# Problem to solve
Repeat, exactly and in full, the lines of the listing below, but without any pictures.

# Data shown
------

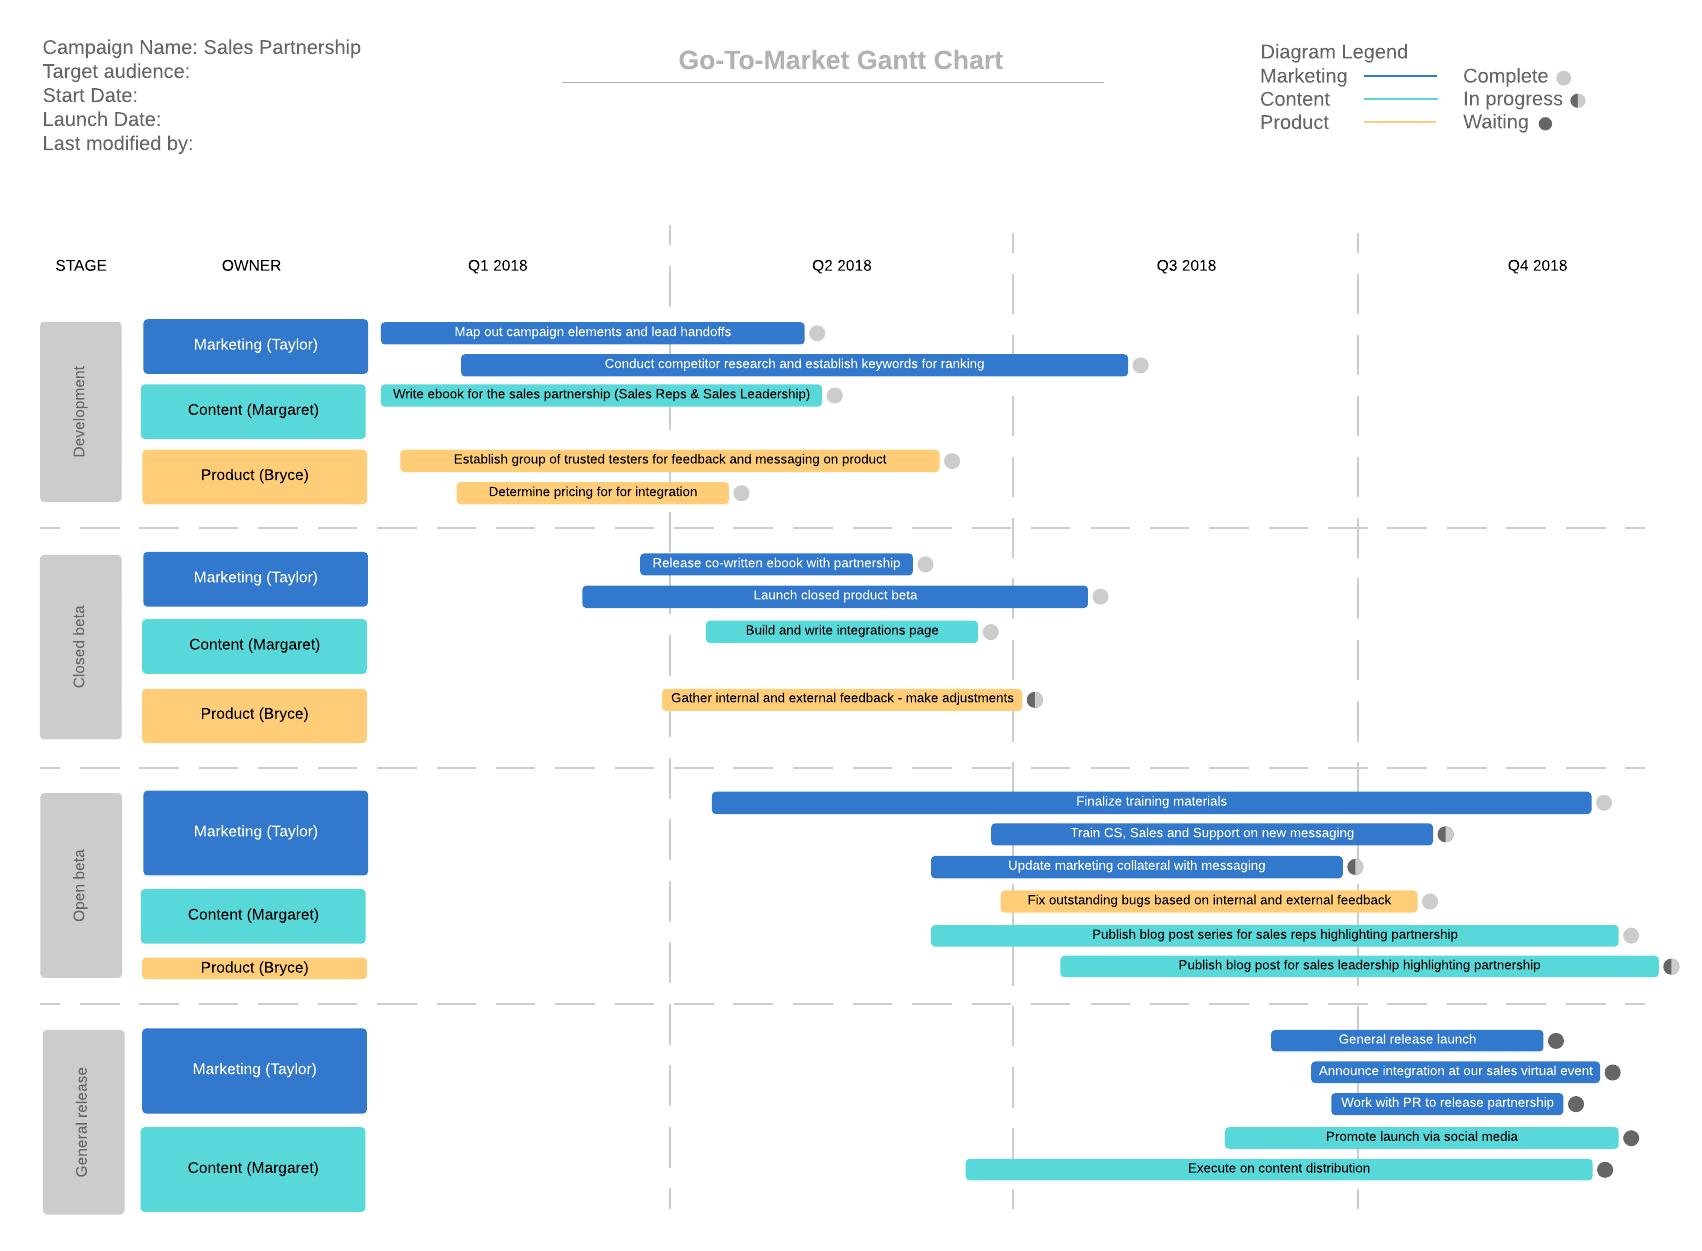 go-to-market Gantt chart
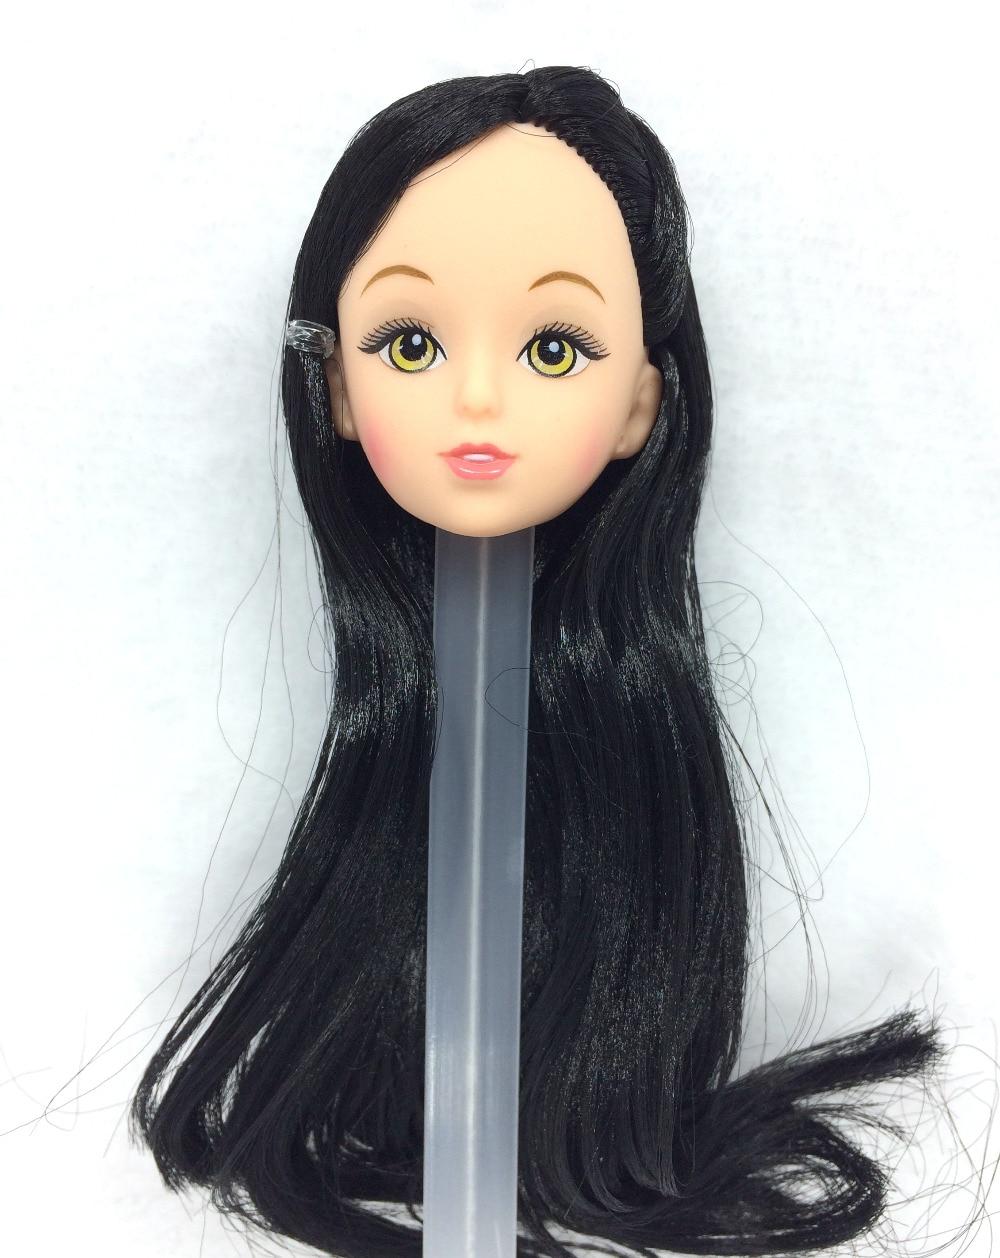 NK One Pcs אופנה בובה ראש שחור שיער עשה זאת - בובות ואביזרים
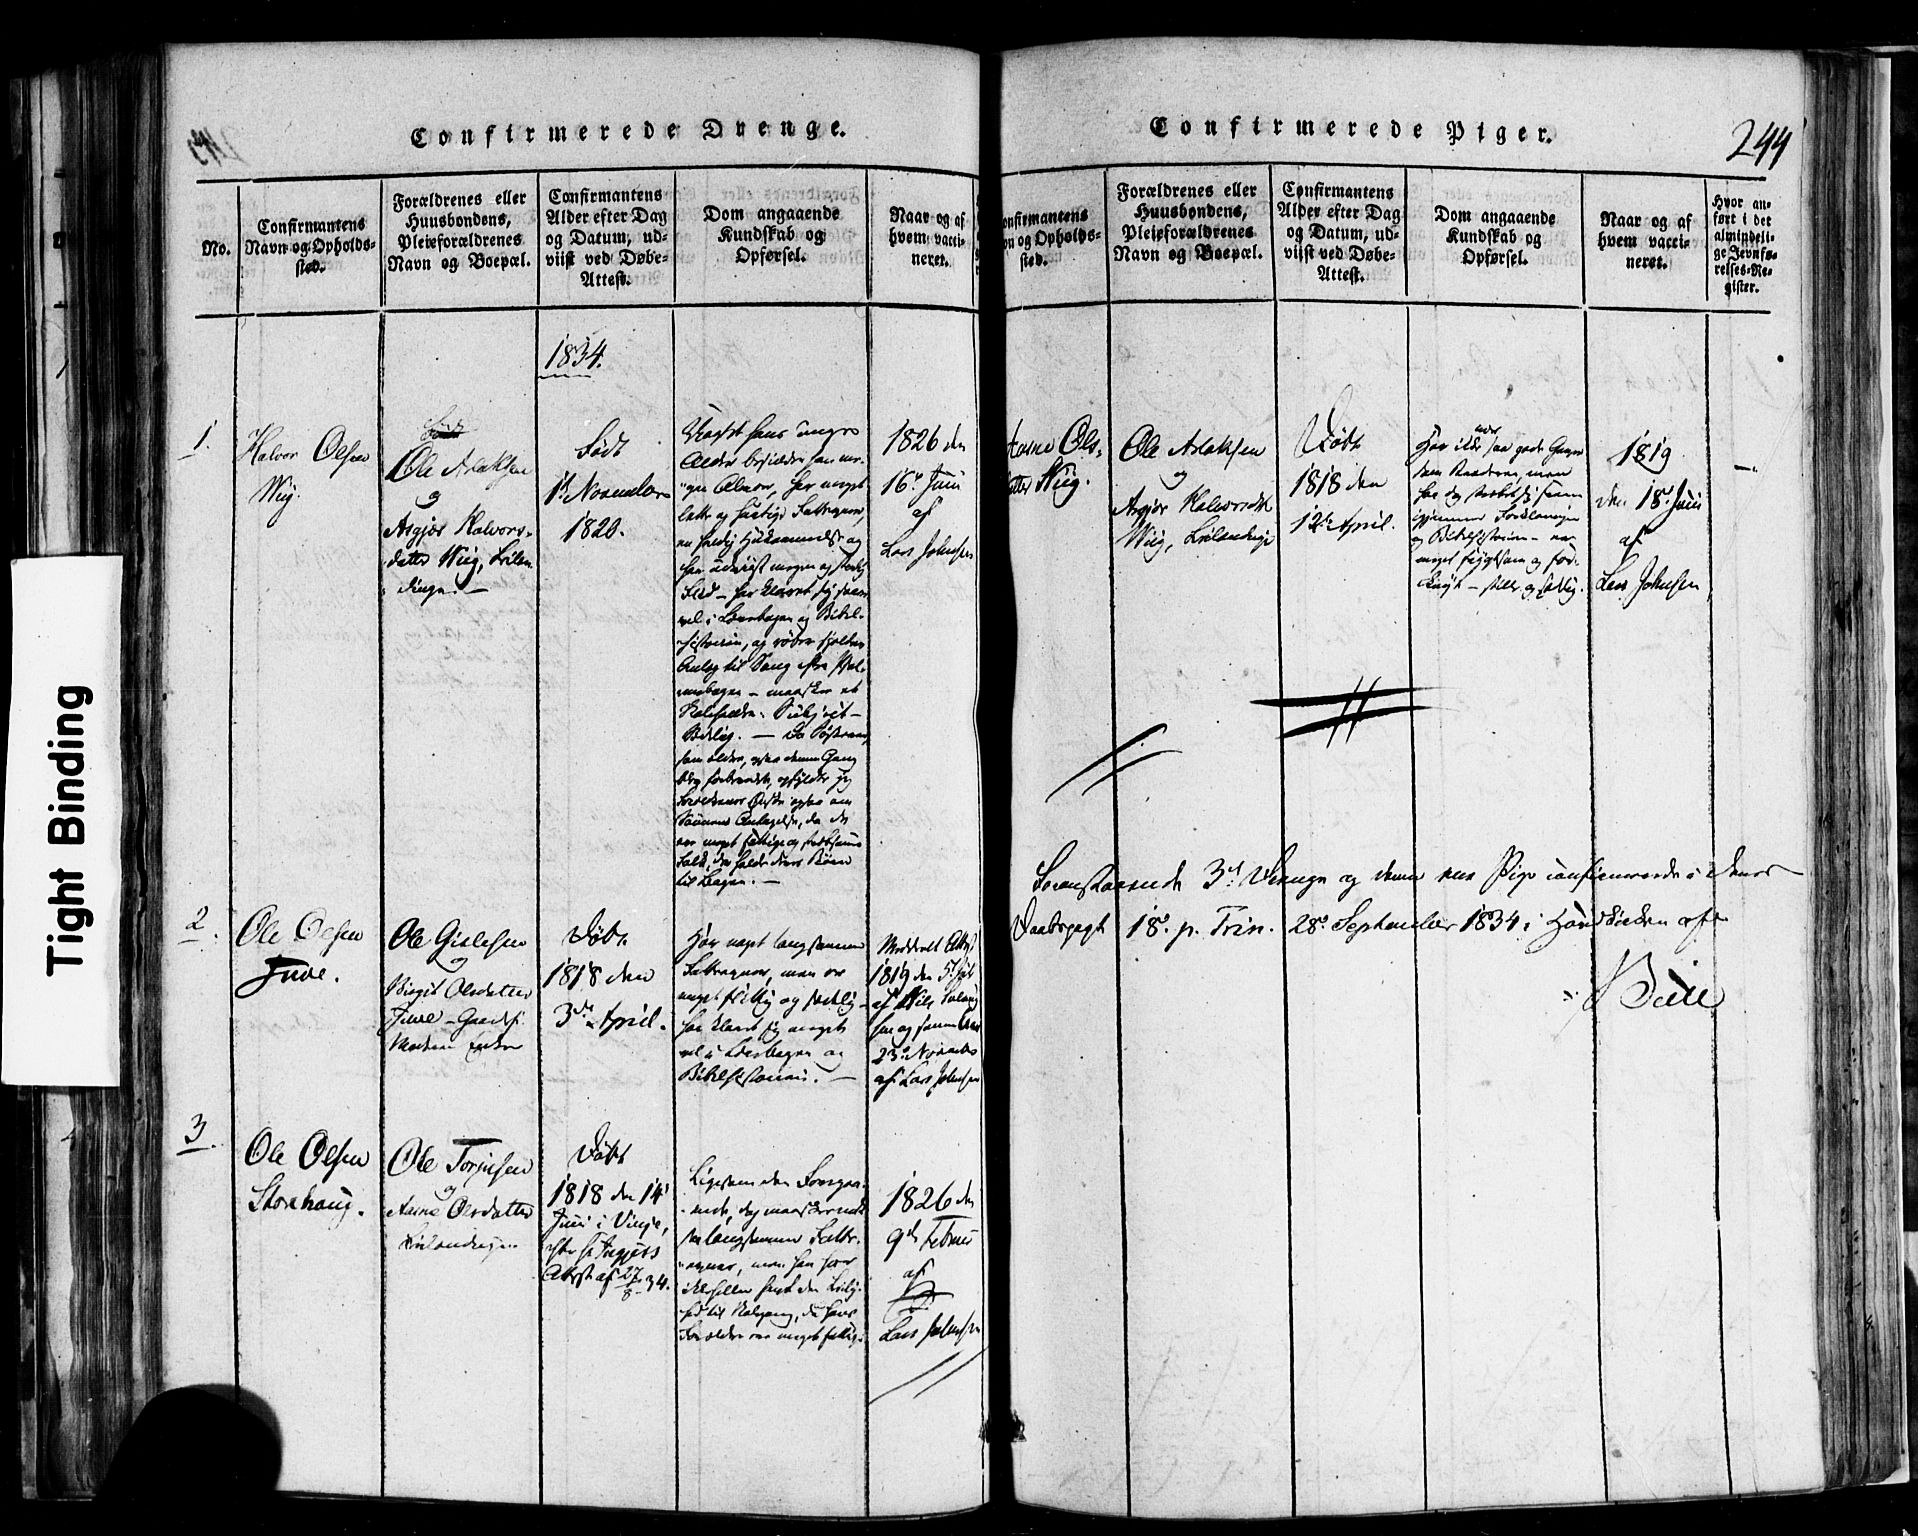 SAKO, Rauland kirkebøker, F/Fa/L0002: Ministerialbok nr. 2, 1815-1860, s. 244

------

# Output of the task
 go-to-market Gantt chart
 NK One Pcs אופנה בובה ראש שחור שיער עשה זאת - בובות ואביזרים
 SAKO, Rauland kirkebøker, F/Fa/L0002: Ministerialbok nr. 2, 1815-1860, s. 244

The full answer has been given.